La Cassazione, con l’ordinanza n. 21243 del 13 settembre 2017, ribadisce che l’utilizzo di personale (segretaria) anche in attività autonoma non integra necessariamente il presupposto dell’imposta se lo stesso non prevale sul lavoro intellettivo del contribuente.

- Circolari e risoluzioni emanate dall’Agenzia delle Entrate non vincolanti

La Cassazione, con la sentenza 6185/2017, ha ribadito che le circolari e le risoluzioni emanate dall’Agenzia delle Entrate non hanno un valore vincolante.

Dunque, secondo la Suprema Corte, la circolare dell’Amministrazione Finanziaria non vincola né il contribuente, né il giudice, non costituendo fonte di diritto. Ammettere, infatti, che detta fonte interpretativa sia vincolante per i giudici o per il contribuente, equivarrebbe a riconoscerle un potere normativo in palese conflitto con il principio costituzionale.

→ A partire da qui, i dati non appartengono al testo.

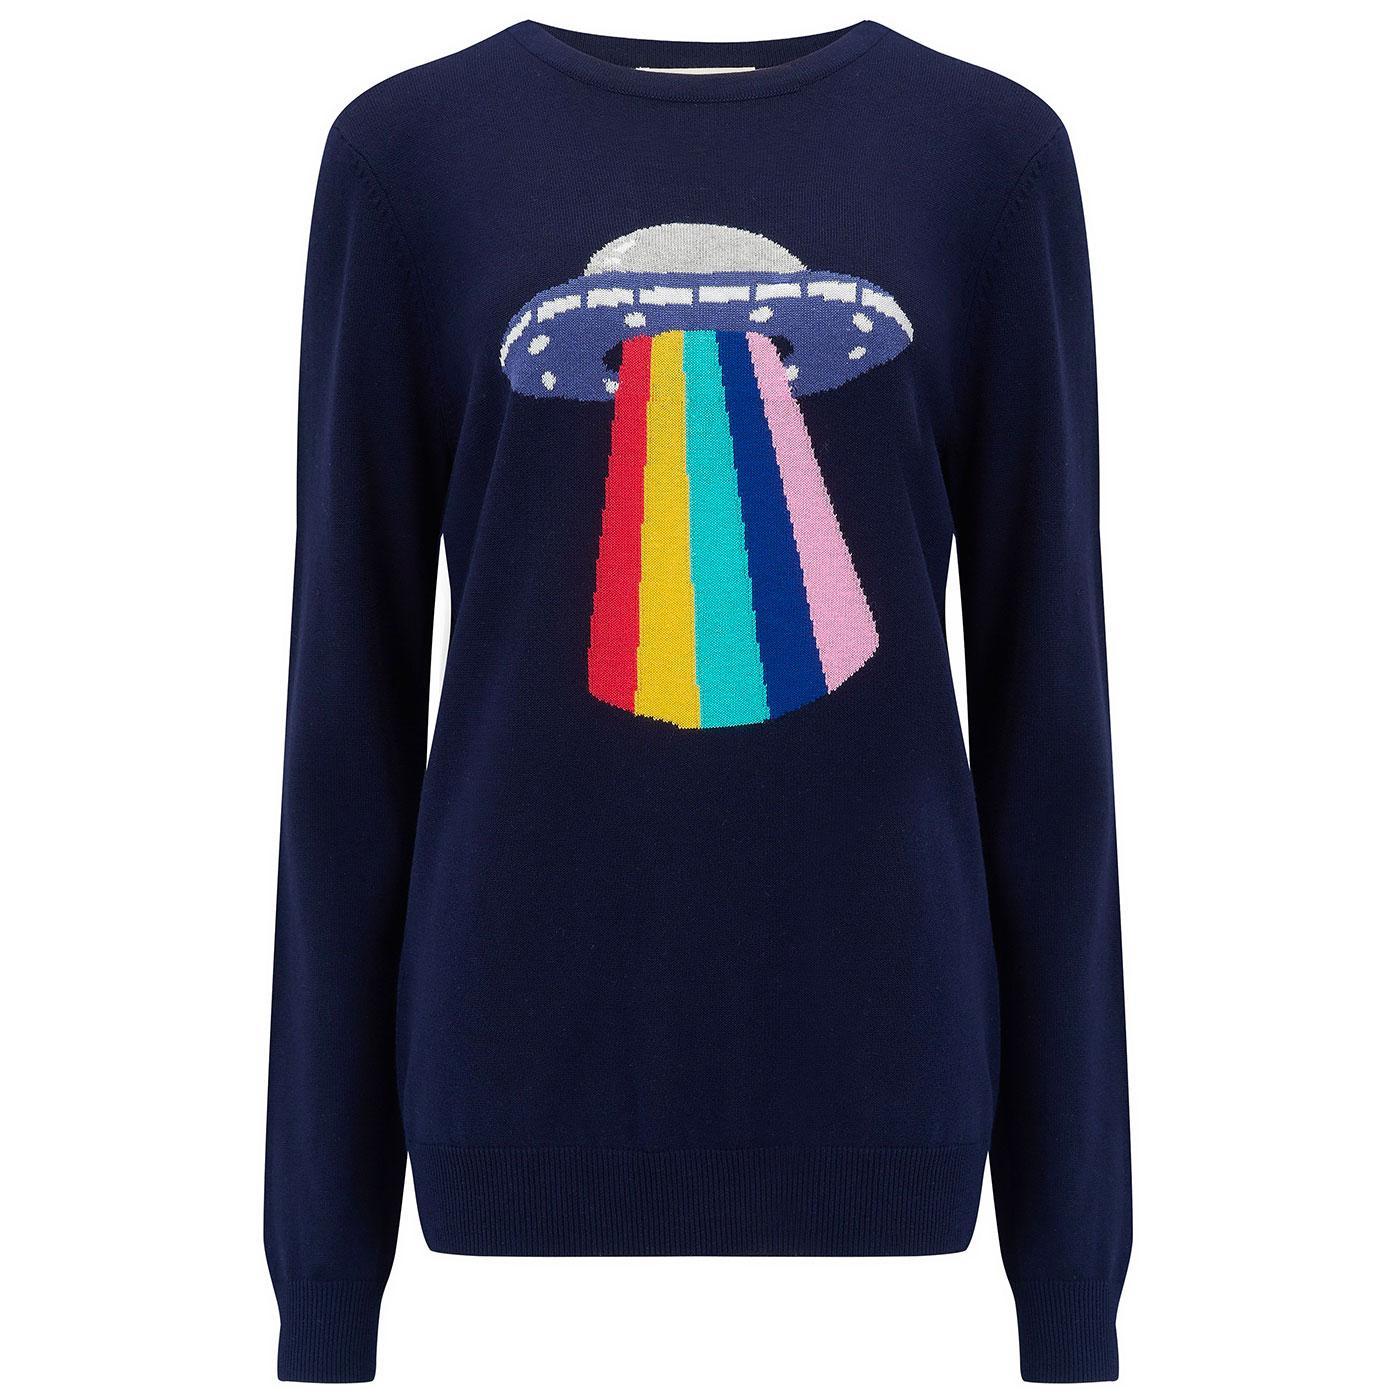 Rita SUGARHILL Retro UFO Rainbow Beam Jumper

- Ok alla detrazione Iva sulle spese per prestazioni gratuite collegate all’attività imponibile

Sentenza della Corte di giustizia Ue del 14 settembre 2017, causa C-132/16, sull’applicabilità dello sgravio dell’imposta:

È detraibile l’Iva sulle spese sostenute per effettuare prestazioni gratuite che si ricollegano, però, all’attività imponibile del soggetto passivo e, come tali, faranno parte del prezzo dei beni e servizi prodotti dalla sua impresa.

In particolare, “L’articolo 168, lettera a), della direttiva 2006/112/CE del Consiglio, del 28 novembre 2006, relativa al sistema comune d’imposta sul valore aggiunto, dev’essere interpretato nel senso che il soggetto passivo ha diritto a detrarre l’imposta sul valore aggiunto assolta a monte per la prestazione di servizi, consistenti nella costruzione o nella ristrutturazione di un bene immobile di cui un terzo sia proprietario, qualora quest’ultimo benefici a titolo gratuito del risultato di tali servizi e questi ultimi siano utilizzati tanto dal soggetto passivo medesimo, quanto dal terzo nell’ambito delle loro attività economiche, nei limiti in cui detti servizi non vadano oltre quanto necessario per consentire al soggetto passivo medesimo di effettuare a valle operazioni soggette ad imposta e il loro costo sia incluso nel prezzo di tali operazioni”.

- Il Trust equivale alla società e quindi può invocare libertà di stabilimento

Per il diritto comunitario il trust è equiparato alle società. La Corte di Giustizia Ue si è pronunciata per la prima volta sulla questione, stabilendo l’accesso alle libertà fondamentali del Trattato.

Con la sentenza del 14 settembre 2017, relativa alla causa C-646/15, la Corte di Giustizia dell’Unione europea ha stabilito il principio di diritto per cui il trust può invocare, a determinate condizioni, le libertà fondamentali del Trattato di funzionamento dell’Unione (nel caso specifico, la libertà di stabilimento).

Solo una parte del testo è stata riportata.